Print version ISSN 1808-8694

Braz. j. otorhinolaryngol. (Impr.) vol.77 no.5 São Paulo Sept./Oct. 2011

https://doi.org/10.1590/S1808-86942011000500021 

ORIGINAL ARTICLE

 

Translation, cross-cultural adaptation and validation of SinoNasal Outcome Test (SNOT) - 22 to Brazilian Portuguese

 

 

Eduardo Macoto KosugiI; Vitor Guo ChenII; Viviane Maria Guerreiro da FonsecaIII; Milena Martins Pellogia CursinoIV; José Arruda Mendes NetoV; Luís Carlos GregórioVI

IMSc in Sciences, Chief Preceptor of the ENT Residency Program - UNIFESP-EPM (Paulista School of Medicine - Federal University of São Paulo)
IIMD - PUC-Sorocaba; 3rd-Year ENT Resident - UNIFESP-EPM
IIIMD - UNIFESP-EPM; 3rd-Year ENT Resident - UNIFESP-EPM
IV6th-Year Medical Student - UNIFESP-EPM
VMD. ENT - UNIFESP-EPM; MSc Student - UNIFESP-EPM
VIAssociate Professor of Rhino-Laryngology UNIFESP-EPM, Vice-Chief - Department of Otorhinolaryngology and Head and Neck Surgery - UNIFESP-EPM

Send correspondence to

 

 


ABSTRACT

Quality of life questionnaires have been increasingly used in clinical trials to help establish the impact of medical intervention or to assess the outcome of health care services. Among disease-specific outcome measures, SNOT-22 was considered the most suitable tool for assessing chronic rhinosinusitis and patients with nasal polyps.
AIMS: To perform translation, cross-cultural adaptation and validation of the SNOT-22 to Brazilian Portuguese.
METHODS: Prospective study involving eighty-nine patients with chronic rhinosinusitis or nasal polyps submitted to functional endoscopic sinus surgery, who answered the questionnaire before and after surgery. Furthermore, 113 volunteers without sinonasal disease also answered the questionnaire. Internal consistency, test-retest reliability, measure validity, responsiveness and clinical interpretability were assessed.
RESULTS: Mean preoperative, postoperative and no sinonasal disease scores were 62.39, 23.09 and 11.42, respectively (p<0.0001); showing validity and responsiveness. Internal consistency was high (Cronbach's alpha = 0.9276). Reliability was sufficiently good, considering inter-interviewers (r=0.81) and intra-interviewers within a 10 to 14 day-interval (r=0.72). Surgery effect size was 1.55. Minimally important difference was 14 points; and scores up to 10 points were considered normal.
CONCLUSION: The Brazilian Portuguese SNOT-22 version is a valid instrument to assess patients with chronic rhinosinusitis and nasal polyps.
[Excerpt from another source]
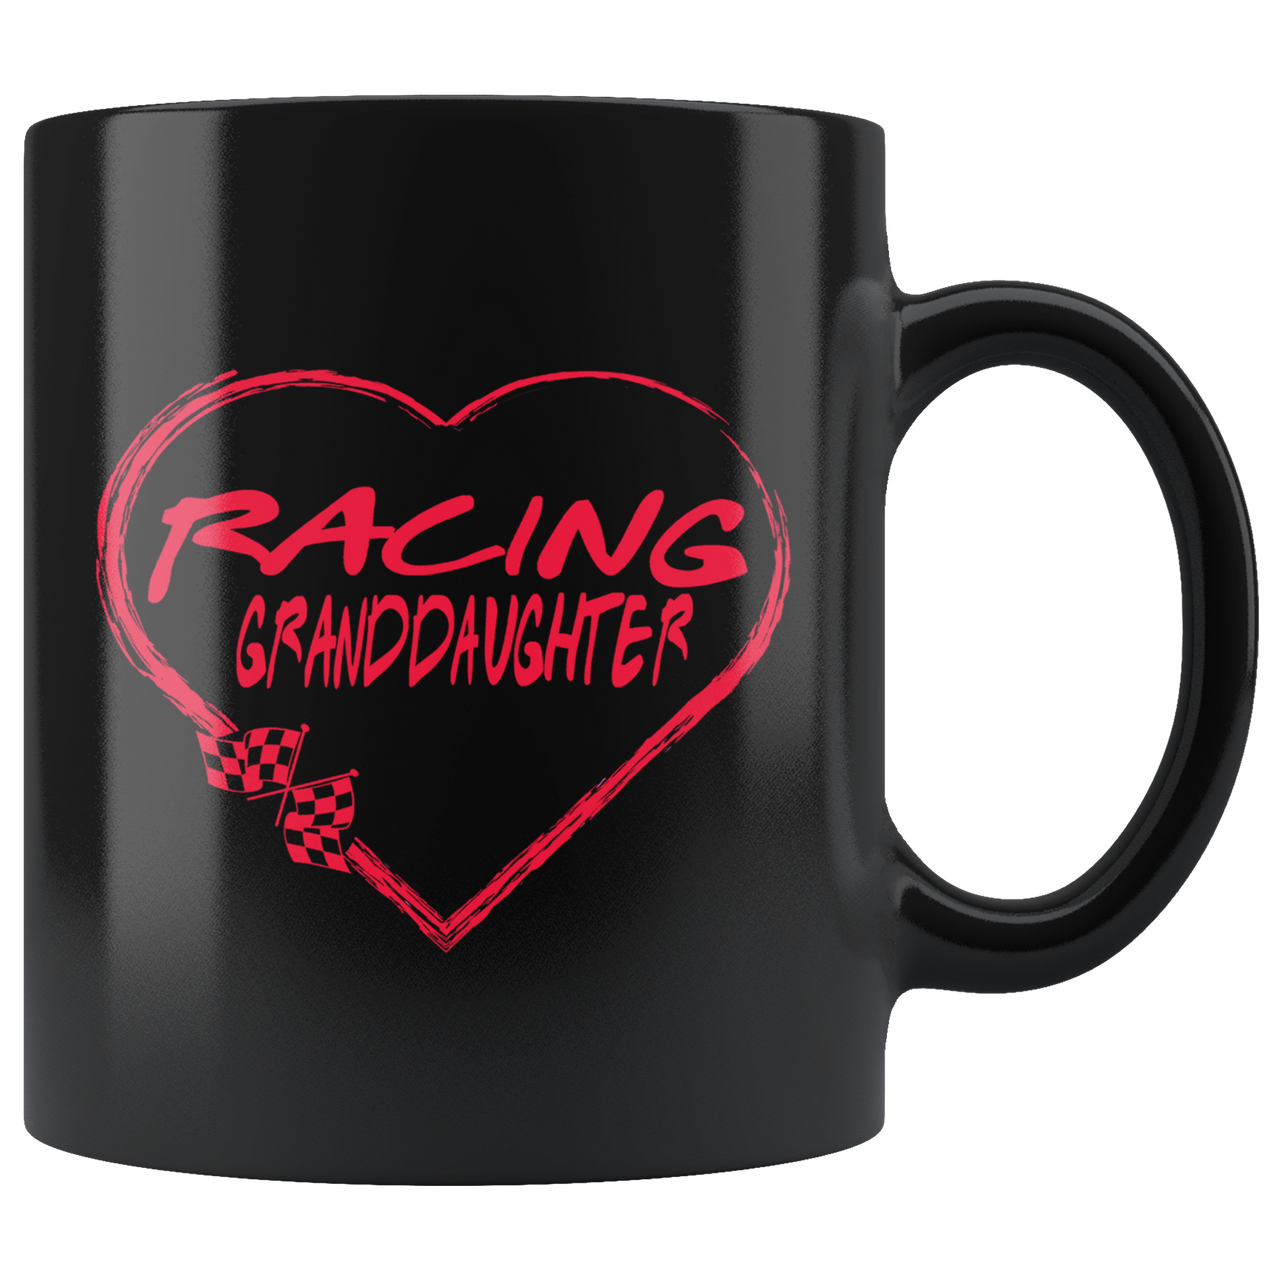 Racing Granddaughter Heart Mug!

Keywords: nasal polyps, natural orifice endoscopic surgery, quality of life, questionnaires, sinusitis.


 

 

INTRODUCTION

Quality of life questionnaires have been frequently used in clinical assays in order to determine the impact caused by an intervention or in order to assess healthcare results1. The goal of each questionnaire may be geared towards the health status, or quality of life. Health status may be described by physical limitations, functional handicaps or social experiences reported by the patients. Notwithstanding, the quality of life description is seen as a unique and personal experience, which reflects not only the health status, but also other factors and circumstances associated with the patient's life. According to this definition, physicians and other healthcare professionals may describe the health status of each individual, but it is only the patient, individually, who can describe his/her own quality of life2.
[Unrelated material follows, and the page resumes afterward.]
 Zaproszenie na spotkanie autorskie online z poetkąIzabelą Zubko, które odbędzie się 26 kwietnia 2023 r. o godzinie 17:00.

Chronic rhinosinusitis (CRS), with or without nasal polyps, is a prevalent disease, which can affect up to 14% of the North-American population, and cause a significant impact on quality of life3. Such impact may be demonstrated using quality of life questionnaires, such as the SF-36; and patients with CRS have impacts on physical pain and on social aspects which are even greater than patients with angina, congestive heart failure and chronic obstructive pulmonary disease4. Moreover, when we compare patients submitted to sinonasal surgery with a sample of the general population in the USA, we notice significant differences in physical pain, general health status, vitality and social aspects4.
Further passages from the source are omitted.